810 Statistical Analysis of the Experimental Neighborhood Probabilistic Excessive Rainfall Outlook from the 2014 and 2015 Flash Flood and Intense Rainfall Experiments

Wednesday, 13 January 2016
Benjamin Albright, Systems Research Group, Inc., College Park, MD; and S. Perfater, S. Jacobs, M. J. Bodner, M. Klein, and D. R. Novak

Flash flooding requires accurate QPF and hydrologic information to prepare the user community for impacts. Improvement to warm-season QPF forecasting is still needed and dependent upon the expansion of high-resolution convection-allowing ensembles. Additionally, the hydrologic aspect of flash flood forecasting represents a challenge on its own as recent rainfall, soil type, slope, land use, basin size, degree of urbanization, etc., all play a role in determining the flash flood threat. This combination of meteorological and hydrologic challenges contributes to flash flooding being the deadliest weather phenomena. As the national center responsible for providing QPF and flash flood forecast guidance, NCEP's Weather Prediction Center (WPC) and the Hydrometeorological Testbed at WPC (HMT-WPC) are uniquely positioned to address the challenges associated with flash flood forecasting.

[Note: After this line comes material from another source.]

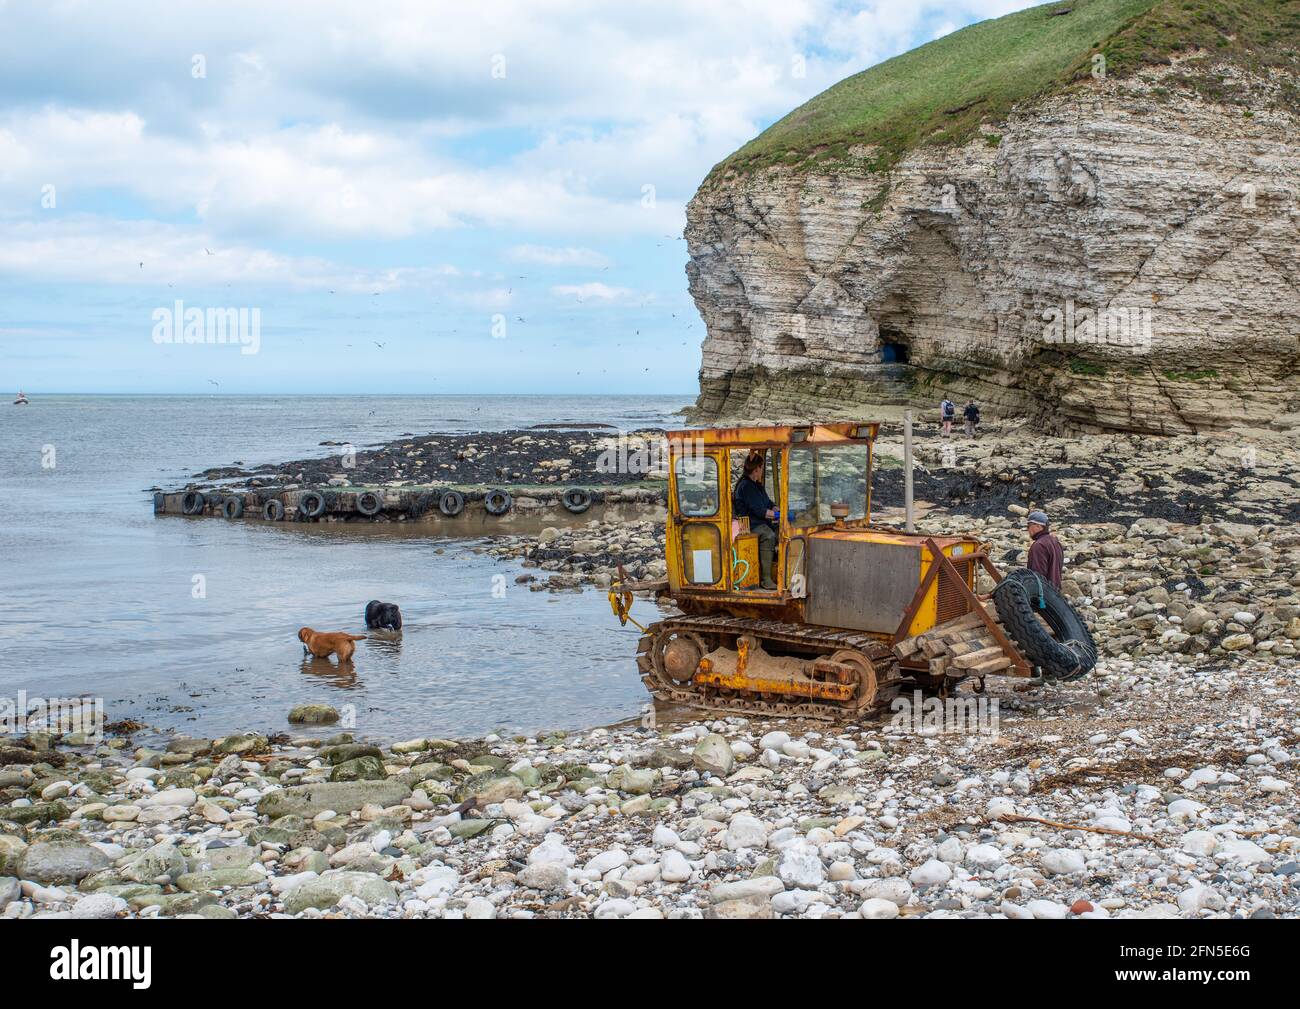 Flamborough, East Yorkshire, Royaume-Uni, 12 mai 2021 - UN tracteur à chenilles jaune sur une plage de galets à moitié dans l'eau avec deux chiens en mer Banque D'Images

WPC currently issues an operational product indicating the threat of flash floods: the Excessive Rainfall Outlook (ERO). The ERO is issued at scheduled intervals throughout the day as part of WPC's Day 13 QPF product suite and indicates the probability of exceeding flash flood guidance (FFG) at a point across the contiguous United States (CONUS). This product is intended to provide several days of advance notice about the potential for flash flooding.

In an effort to improve flash flood forecasts and verification both at WPC and across the NWS, HMT-WPC has conducted three years of the Flash Flood and Intense Rainfall (FFaIR) Experiment. The FFaIR Experiment brings participants from the operational forecasting, model development, and research communities together during the month of July to explore the challenges associated with flash flood forecasting. In particular, the experiments have focused on evaluating the utility of high-resolution convection-allowing models and ensembles for short-term flash flood forecasts, exploring new tools and approaches for combining meteorological and hydrologic information, and exploring improvements to WPC's operational Excessive Rainfall Outlook. Tested improvements to the experimental Excessive Rainfall Outlook issued during the experiment included lower probability thresholds of 2% and 5% to compliment the 10% and 30% contours as well as application of the neighborhood probability approach. This poster will compare the results from the previous two FFaIR Experiments (2014 and 2015) and examine the statistical calibration of the probabilistic contours in relation to the number of flash flood reports captured. Plans have already begun to produce the experimental product in parallel with the operational Excessive Rainfall Outlook during the 2016 warm season.